When they were finished, they would unload. Then they would do it all over again. It was a backbreaking job, but critical. When the strike order came down with specific weapon loads, Boyce wanted his jets armed and ready.
He hadn’t yet designated a strike leader. He had already ruled himself out, much as he wanted to be in the front. Something about this one was giving him a bad feeling. If things went sour, the place for an Air Wing Commander was not in the cockpit but here aboard ship.
Who, then? To be fair, the nod should go to Rico Flores, who commanded the VFA-34 Bluetails. He was the senior squadron skipper and a competent strike leader. Or Burner Crump, who ran the Tomcat squadron. Crump had the most combat experience and was a steady leader.
Something in Boyce’s gut was troubling him. When you had nutcase enemies like these Islamic terrorists, who had nothing to lose and believed that dying was a ticket to paradise, you never knew what to expect.
There wasn’t a textbook solution for everything that could go wrong on a deep air strike. They had to keep learning that same damned lesson every time — Lebanon, Libya, Iraq, Bosnia, Kosovo, Iraq again, Afghanistan.
Now Yemen.
This operation could turn ugly. He needed a strike leader who could make decisions on the spot. Somebody who could change the game plan if necessary.
Brick Maxwell.
Boyce could already hear the outraged bitching from the other strike leaders. It would be the same old stuff about seniority and that carpetbagging ex-astronaut and what the hell does he know about tactical air combat?
Too bad. They’d get over it.
Maxwell was the right guy. Every eye in the Pentagon would be on the Reagan and its air wing these next few days. Maxwell knew when to shoot and when to hold his fire. In the No-Fly-Zone over Iraq, he had passed up a sure MiG shot when it wasn’t necessary to kill him. Then he had not hesitated to kill an adversary when the bastard needed killing. Maxwell was a guy who didn’t agonize over decisions.
Boyce looked at his unlit cigar. The conference room, like almost every other space on the ship, was a no-smoking area. The goddamn tree-hugging pure air freaks had ruined it for everyone.

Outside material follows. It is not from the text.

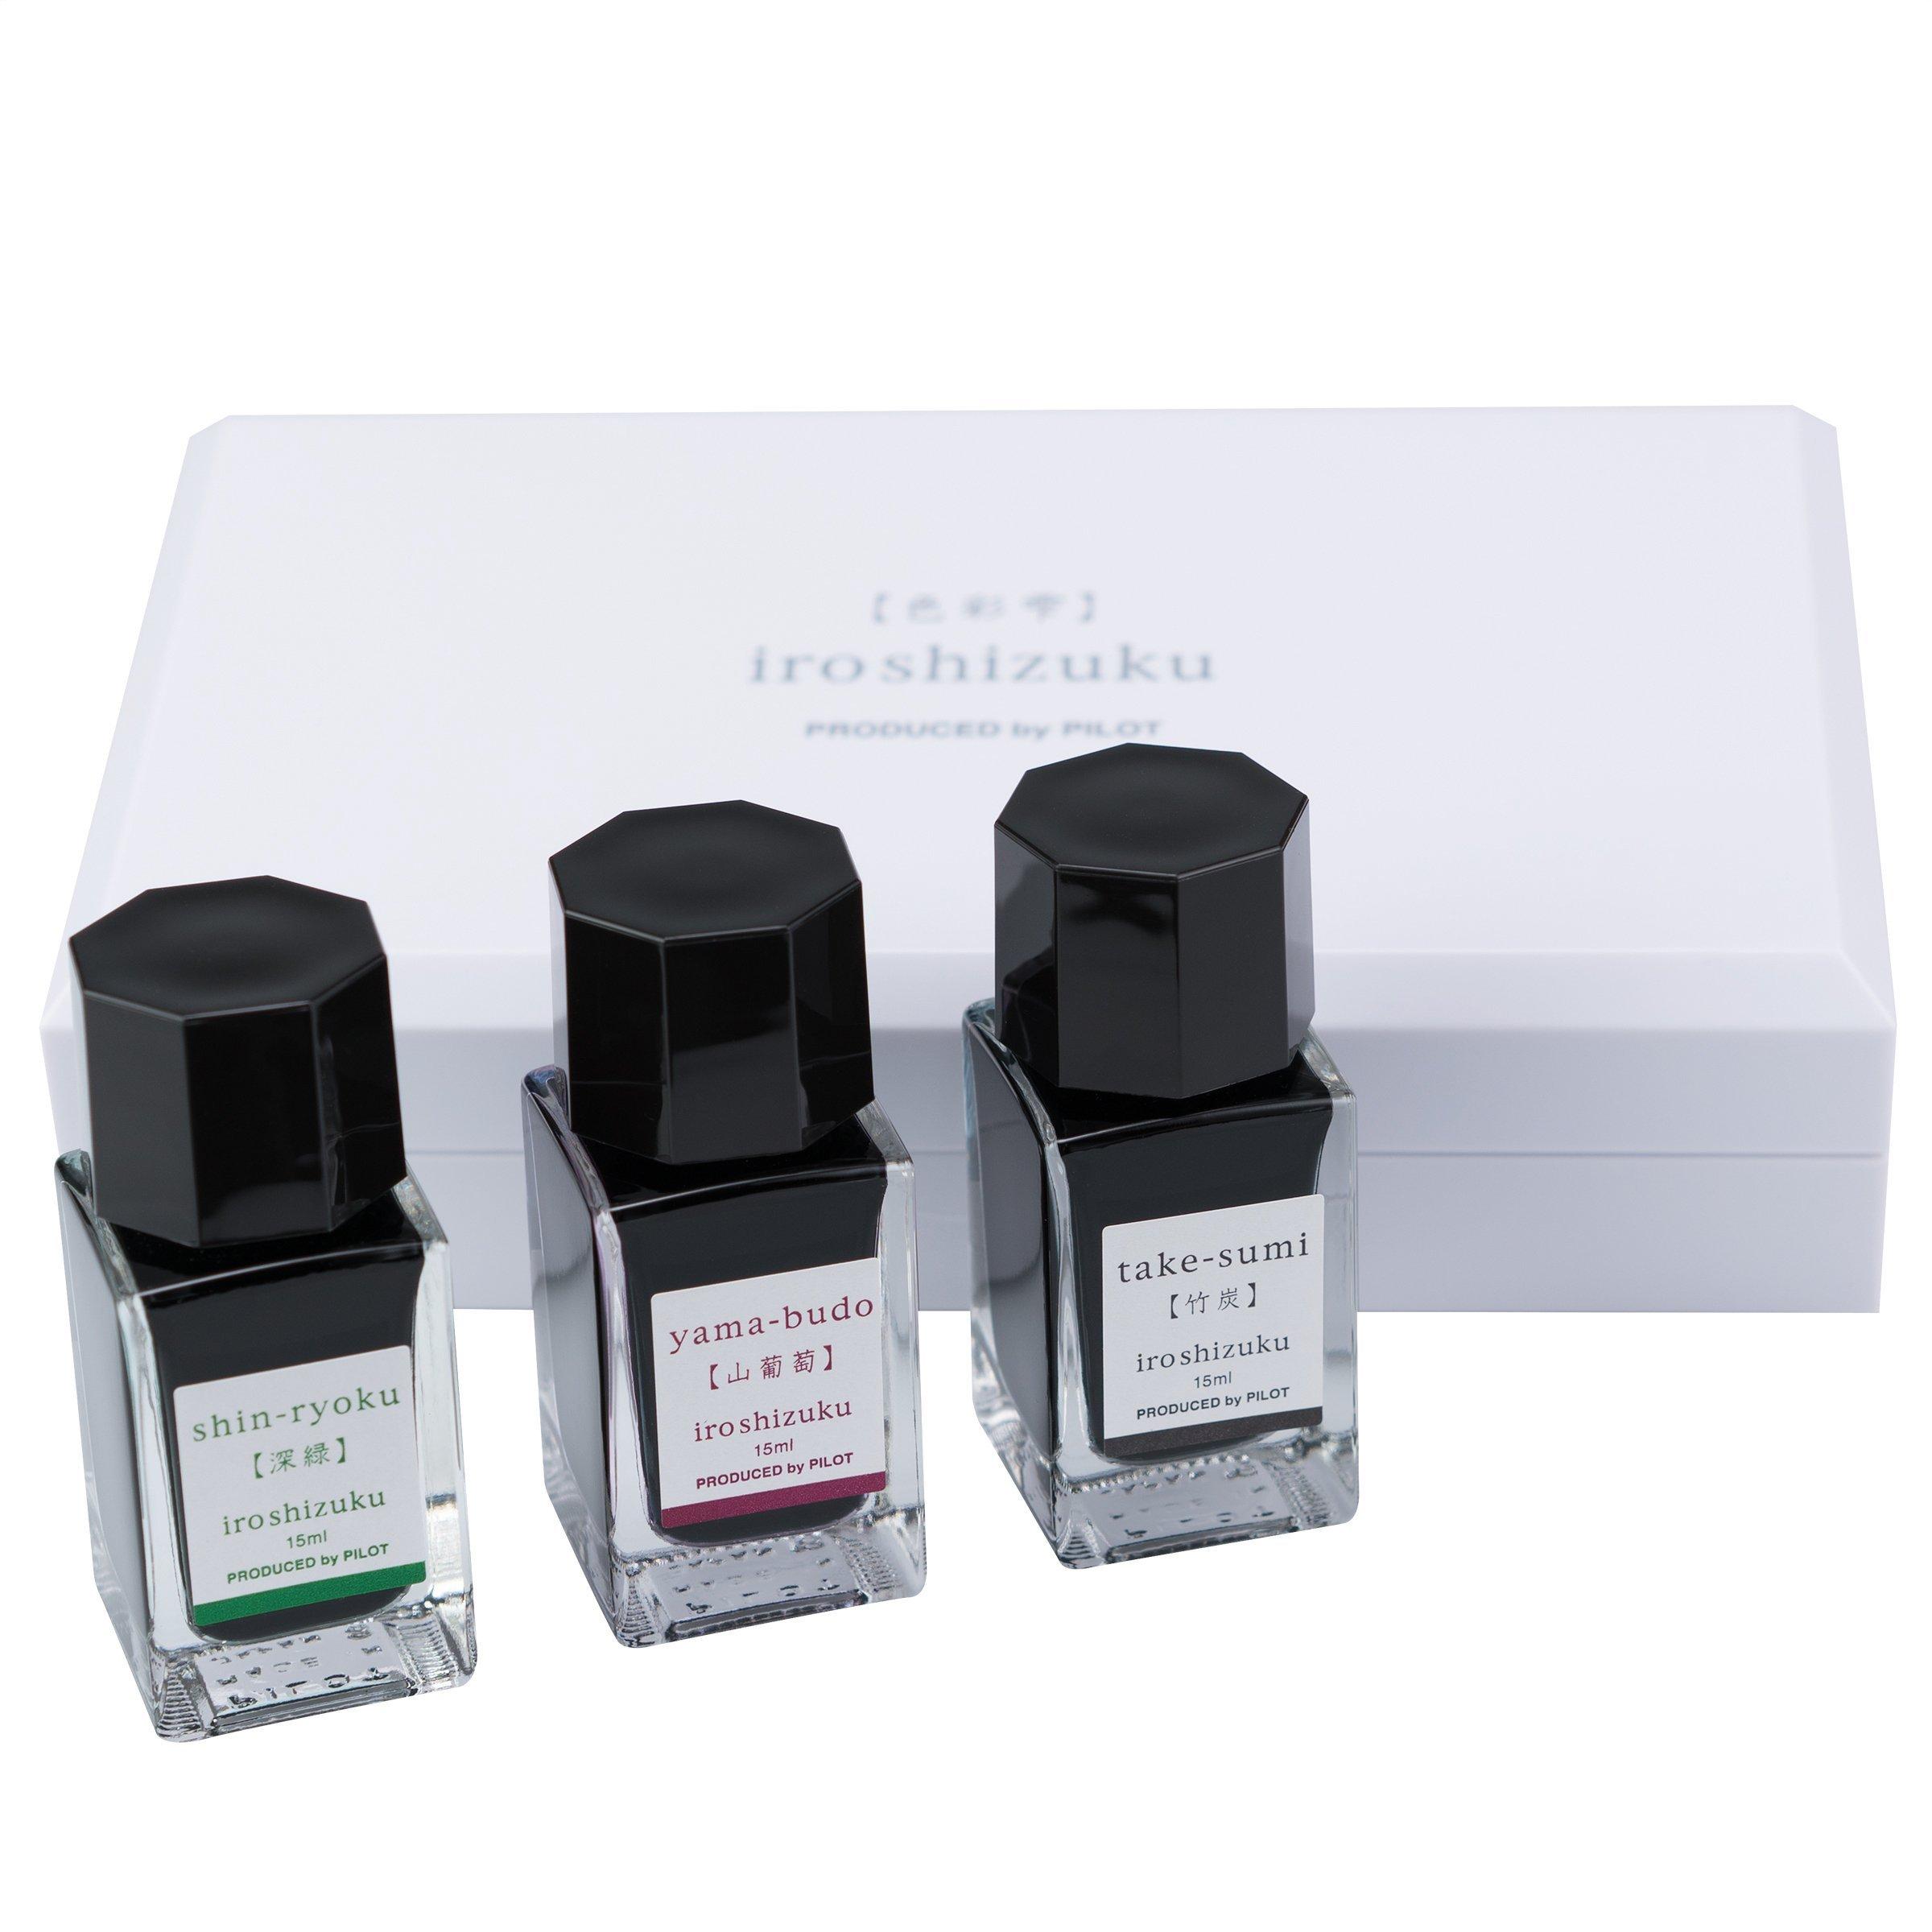 Pilot Iroshizuku Fountain Pen Ink 3 Mini Bottle Fall Set, 15 mL Each, Shin-ryoku, Yama-budo, Take-sumi (69230) by Pilot

He pulled out his ancient Zippo and applied the flame to the cigar. He got a nice ember going, then wafted a cloud of gray smoke across the room. Yeah, he would take flak about his choice of strike leader. Sometimes you just had to break a few rules.
CHAPTER FOUR
KILO
Lt. Cmdr. Pietr Ilychin entered the control room. “It’s here, Captain. The updated point of intended movement.”
Capt. Yevgeny Manilov took the message from Ilychin and turned back to his keyboard. He inserted the coordinates of the new position into the Andoga navigational computer.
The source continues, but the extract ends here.